Solving the Ancient Immigrant Problem of Prehispanic Teotihuacan
Teotihuacan, located in the central Mexican state of México, was one of the earliest urban, ethnically plural societies in the Americas, a cosmopolitan blend of people and cultures from all over Mesoamerica. Between AD 1 and AD 600/650, the metropolis was densely populated within its 20-25 square kilometer (8-10 square mile) limits, reaching an estimated population of 125,000 people from AD 200-600.
Today most people visit the glorious monumental architecture at the heart of the city, the Pyramid of the Sun, Pyramid of the Moon and the lovely Palace of the Quetzal Butterfly. Tourists can also still travel the city's massive avenues running north/south (the famous Street of the Dead) and east-west (East and West Avenues). What tourists typically don't see are over 2,000 large-scale residential units, apartment complexes built by the Teotihuacan state to accommodate a massive influx of immigrants, from all over Mesoamerica and from all socioeconomic statuses.
What Were the Residential Compounds Like?
The residential compounds--sometimes called barrios or neighborhood enclaves--were solid, roofed clusters of buildings separated by open patios and with built-in drainage systems. They were single-story buildings with adobe walls, plastered or packed earthen floors and flat roofs. The buildings had multiple rooms, with patios, porticoes, ritual courtyards and passageways organized into separate living quarters identified as apartments.
The apartments held kitchens, sleeping quarters, storage areas, and refuse sectors. Shared sections included ritual courtyards which sometimes held an altar for domestic cult activities; there were patios for communal activities; and both private and public cemetery spaces.
The architecture of the residential blocks which have been excavated to date exhibits a wide variation in size, quality and internal arrangement. Some shared architectural features suggest they were constructed by or within a set of rules defined by the state, including the thickness of the exterior walls and the orientation of close to 15.5 degrees east of north, the same or similar to that of Teotihuacan's major monuments and streets. Archaeologist George Cowgill has estimated that between 3-5 extended family groups lived in each compound, with about 5-12 persons in a unit.
Living in the Residential Compounds
Some of the compounds were clearly occupied by families, a core group of people who were biologically related; but archaeological excavations have discovered that many housed immigrants who were not blood relatives. All of the compounds, regardless of their relatedness, were organized by shared residence and economic production--workshops where the residents made things such as pottery and stone tools. Many of the compounds were continuously occupied for several centuries, from their construction in the Early Tlamimilolpa phase (200-300 AD) until the dissolution of the Teotihuacan state around AD 650.
Burials in the compounds were typically a pit dug beneath the floor of private patios and rooms or under public altars, courtyards and stairways. Grave goods varied widely, with some ceramic vessels, mica, obsidian, slate, marine shells from both oceans the most common. Some more exotic materials include precolumbian jade, incense burners, and seeds or plant parts of squash, maize, amaranth and cotton. Highest status burials were typically placed in deeper pits in public areas, with larger and complex offerings, more frequently cremated and/or painted with red ochre.

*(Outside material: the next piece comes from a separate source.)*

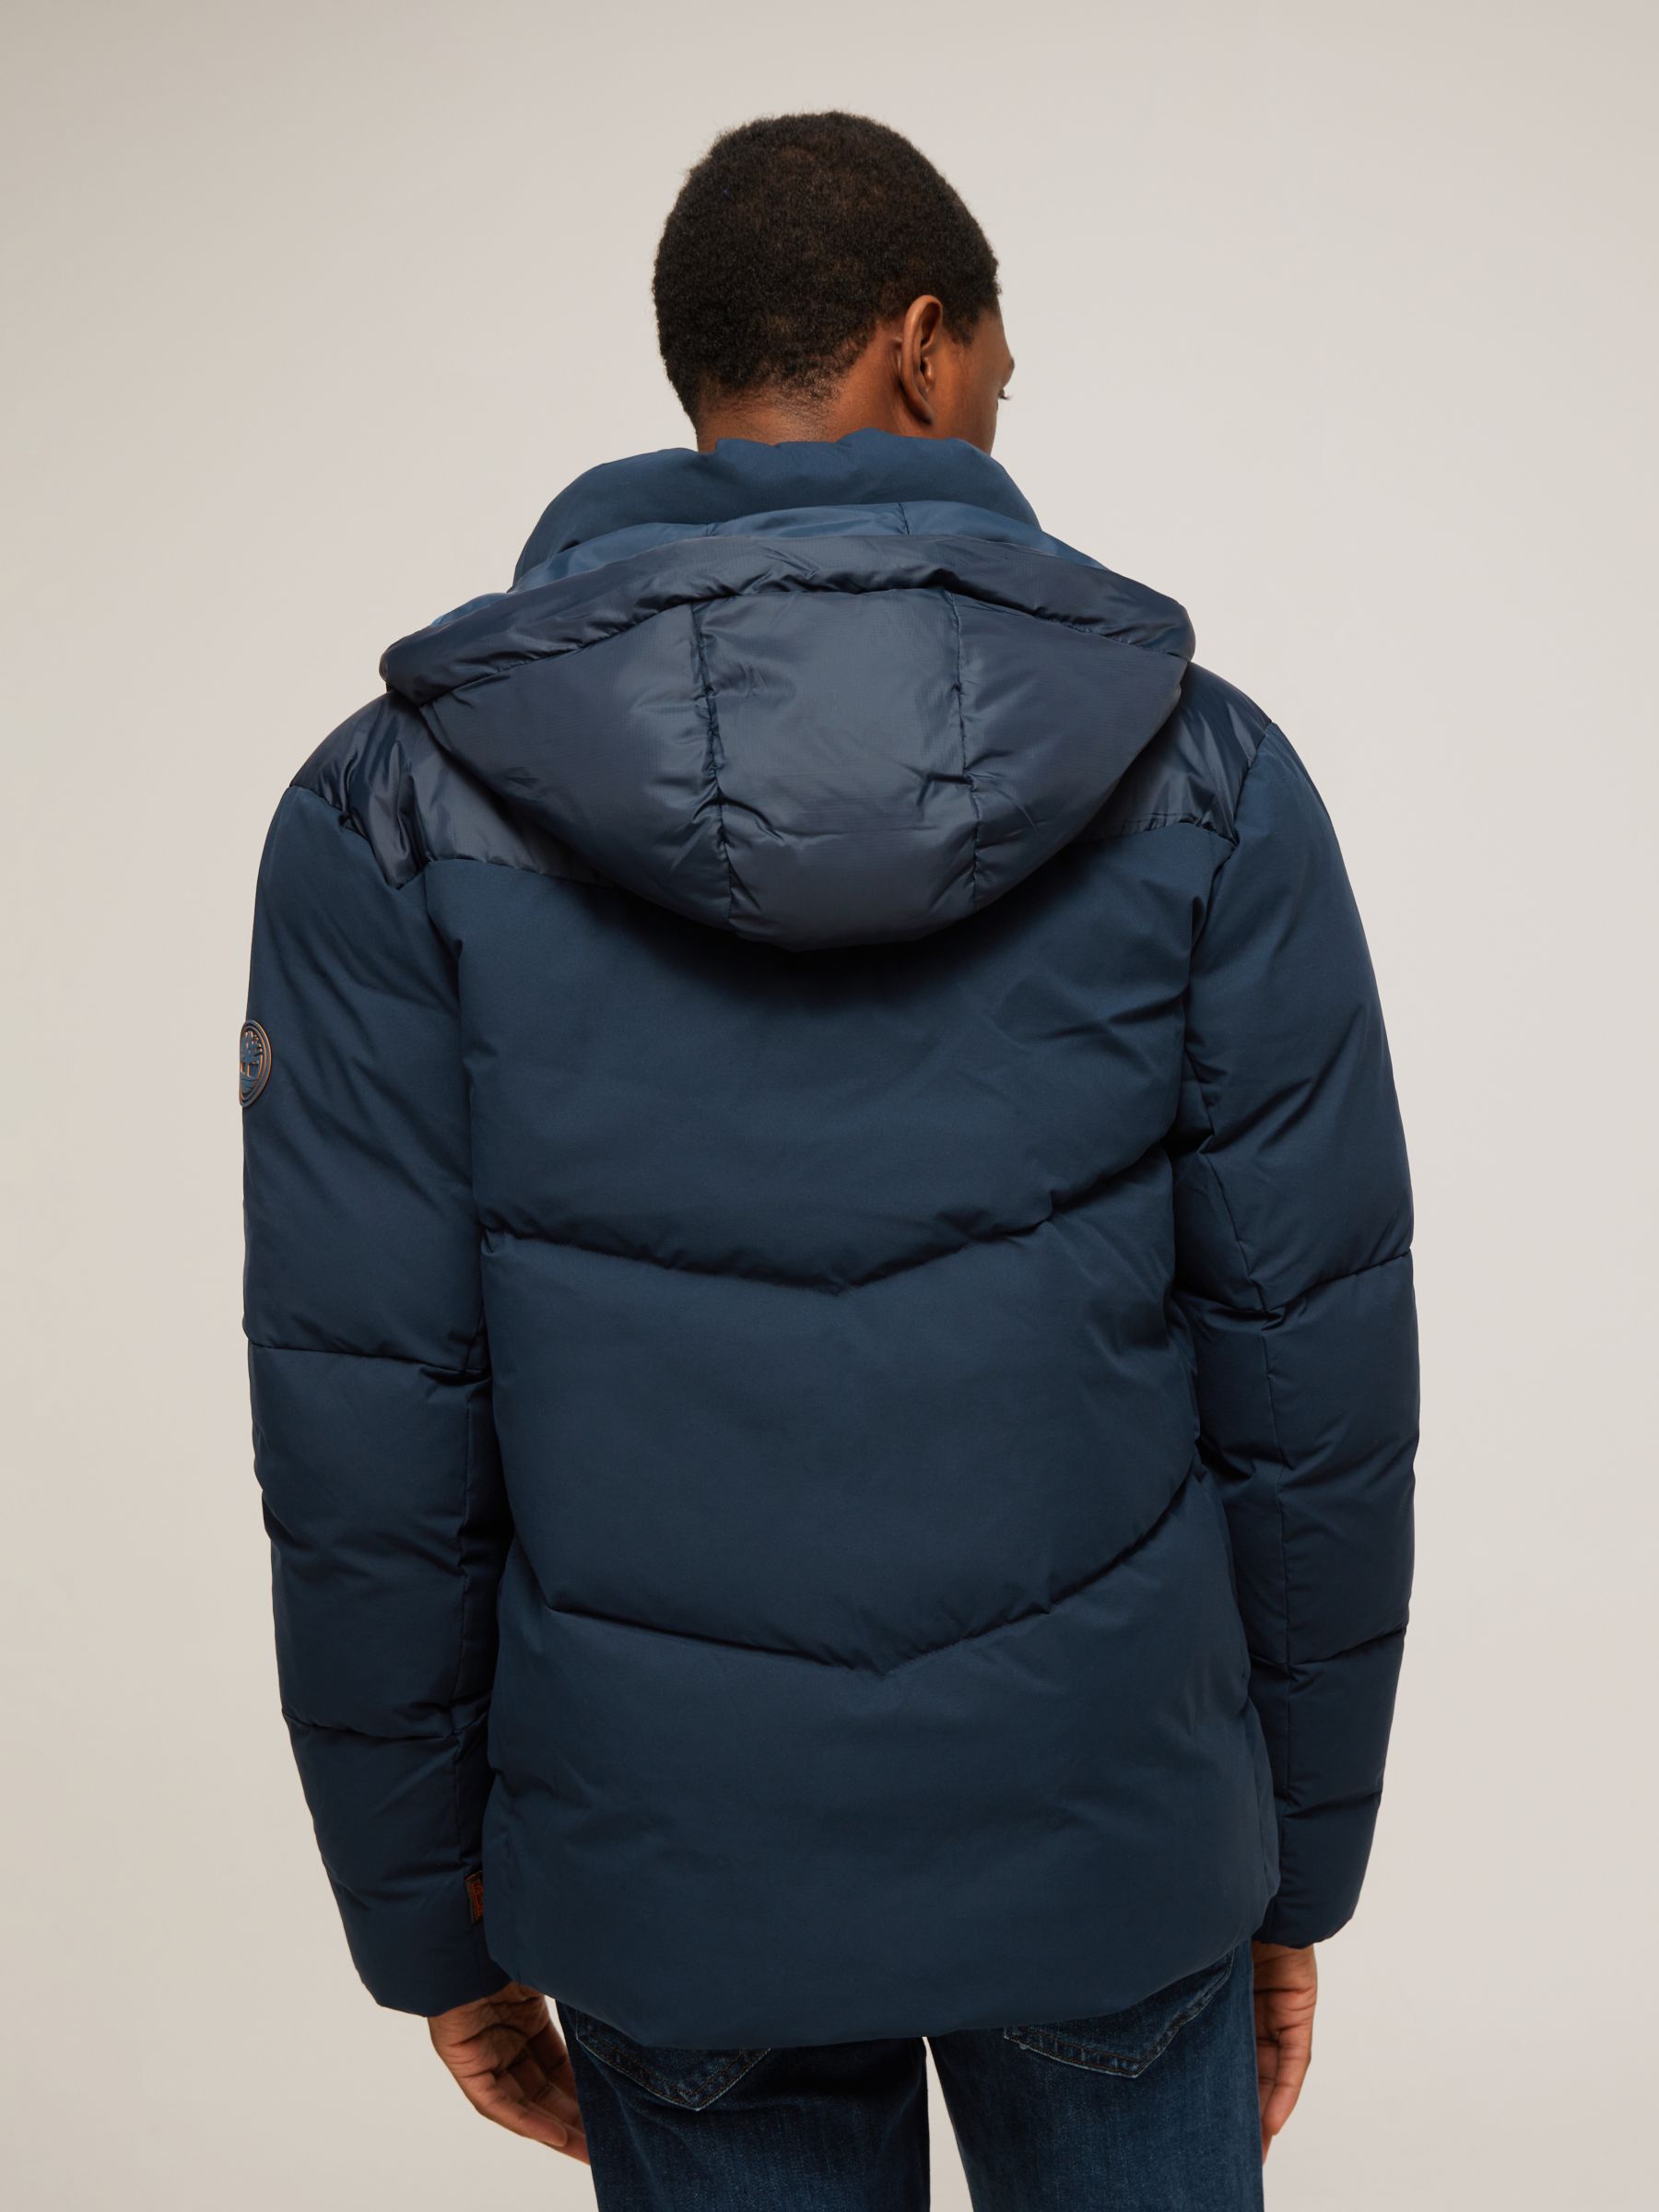 Timberland Quilted Jacket, Dark Sapphire at John Lewis & Partners
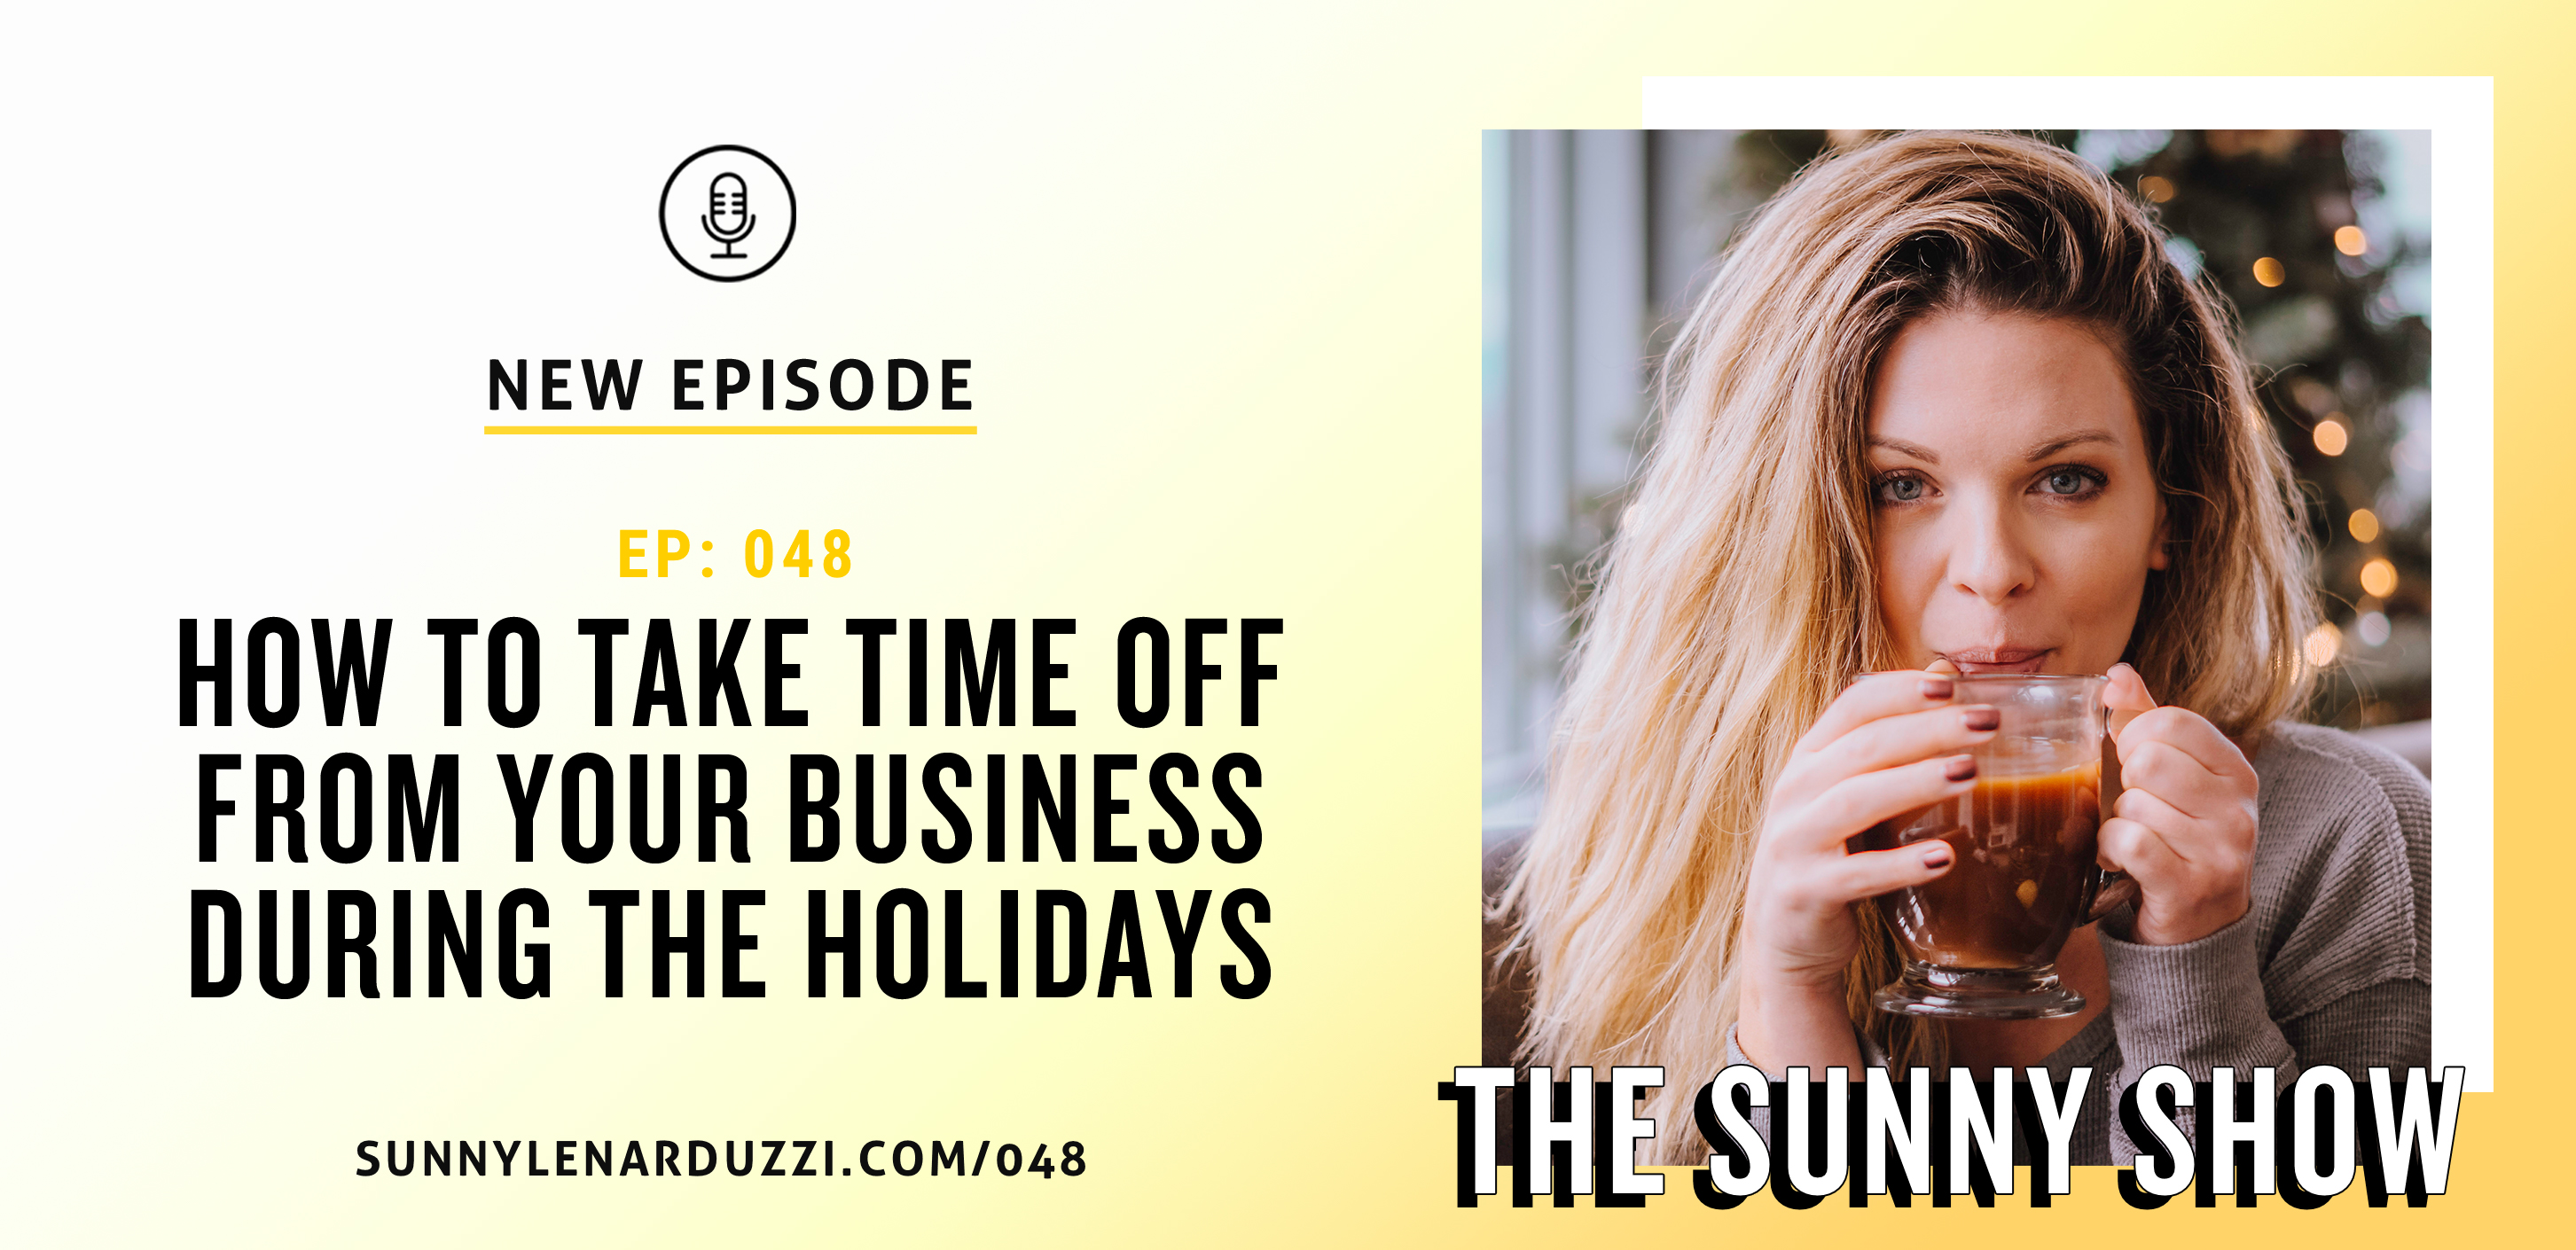 How to Take Time Off From Your Business During the Holidays

Varying rituals, including burial processes and workshops, as well as pottery styles and types of obsidian: all of these are keys archaeologists have used to identify the foreign origins of the occupants of the residential zones.
Non-Residential Compounds: Teopancazco
A recent investigation by Linda Manzanilla (2015) has revealed that some of the foreigner barrio neighborhoods were closer to workhouses than domestic clusters. Manzanilla looked at the neighborhood center of Teopancazco, occupied between AD 150 and 650. This neighborhood was a functional center, occupied by immigrants and devoted to ritual and specialized craft production. The people who lived there came from several different areas near and far from Teotihuacan, including the nearby Basin of Mexico, the Central Highlands and the Gulf Coast.
Paleopathological studies on the burials in Teopancazco indicated the people were heavy laborers who manufactured cotton cloth and garments, made stone tools and pottery, made nets and fished. Luxury items of greenstone, travertine, onyx, marble and pyrites were manufactured by lapidary specialists there; military personnel resided in this barrio and there may well have been a medical sector where childbirth was assisted. A single ritual event included 29 individuals, mainly young foreign males who were decapitated and ritually buried in the barrio.
Teopancazco's burials were predominantly men--in fact only 15% were women--suggesting either that the occupants were primarily male, or that women belonging to the neighborhood were buried elsewhere.